A new blood test could predict how a patient will respond to metastatic breast cancer medication Ibrance (palbociclib) months earlier than current approaches, a U.K. study suggests.
Research shows the test could provide a reliable prediction as early as two to three weeks after starting treatment. However, scientists caution the results still need to be replicated before the test is used clinically.
The study, “Early circulating tumor DNA dynamics and clonal selection with palbociclib and fulvestrant for breast cancer,” was published in the journal Nature Communications.
“[Ibrance] is one of a new class of drugs that delays cancer progression for patients with advanced breast cancer, but it’s not effective for everybody. The problem is we have to wait for two to three months before doing a scan to see if the therapy is working,” Nicholas Turner, MD, PhD, the study’s senior author and a professor at The Institute of Cancer Research in London, said in a press release.
“Having an early indication of how likely a treatment is to work might allow us to adapt treatment — switching some patients to an alternative drug that is more likely to benefit them,” he said.
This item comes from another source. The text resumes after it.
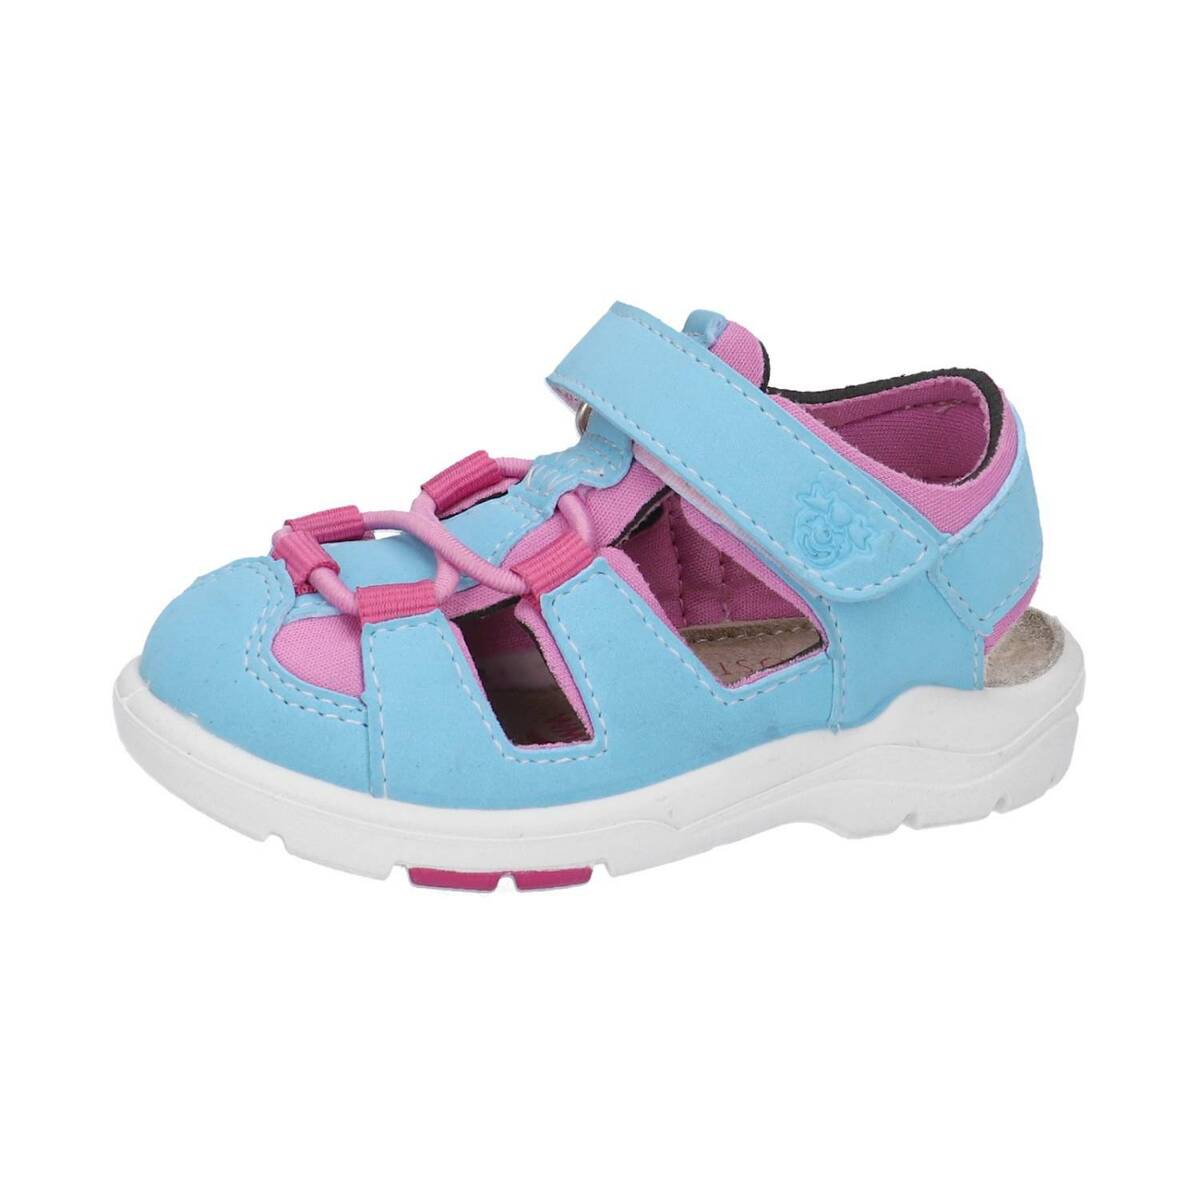 Ricosta Pepino Gery Kids Sandals | slipper | Textile, synthetic - NEW | eBay

The test detects DNA mutations in breast cancer patients by analyzing fragments of circulating tumor DNA (ctDNA), which refers to cancer DNA that has entered the bloodstream.
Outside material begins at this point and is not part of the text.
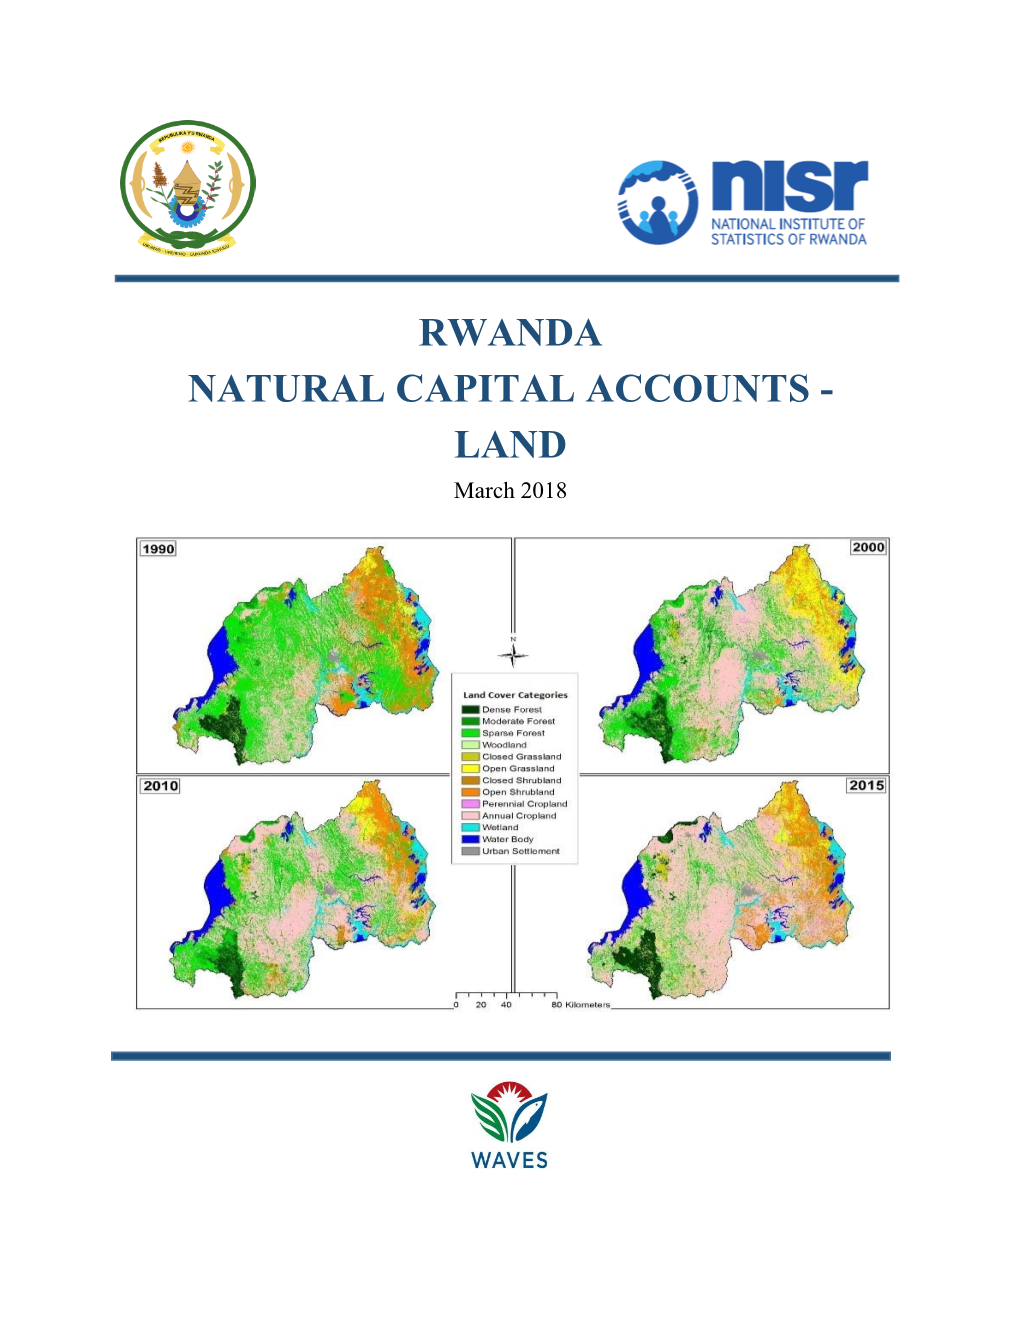 Rwanda NCA Land Accounts 2018

Researchers evaluated the test in women with the most common type of advanced breast cancer — estrogen receptor-positive, HER2-negative breast cancer — who are participating in the PALOMA-3 Phase 3 clinical trial (NCT01942135) testing Ibrance and Faslodex (fulvestrant) in these patients.
A total of 73 women had a mutation in the PIK3CA gene, 52 of whom received treatment with Ibrance. PIK3CA‘s association with breast cancer has already been established.
Results showed the blood test was able to predict the success of Pfizer Oncology‘s Ibrance by comparing the amount of PIK3CA before and 15 days after start of treatment.
Investigators found that the degree of decrease of PIK3CA in ctDNA correlated with progression-free survival (PFS), which is the length of time a patient lives without their disease worsening. Women with a smaller PIK3CA decrease had a median PFS of only 4.1 months, compared with 11.2 months in those with large reductions.
“Our data demonstrates that early ctDNA changes may be predictive for cytostatic therapies such as [Ibrance],” the researchers wrote. Cytostatic medications are those able to kill cancer cells.
Nathan Richardson, PhD, head of molecular and cellular medicine at the Medical Research Council (MRC), said, “It is exciting to see that using advances in diagnostic techniques, such as genetic tests for [ctDNA], we may be able to more accurately define groups of patients and help us deliver the right treatment to the right patient sooner.”
MRC was the main funding source of the study.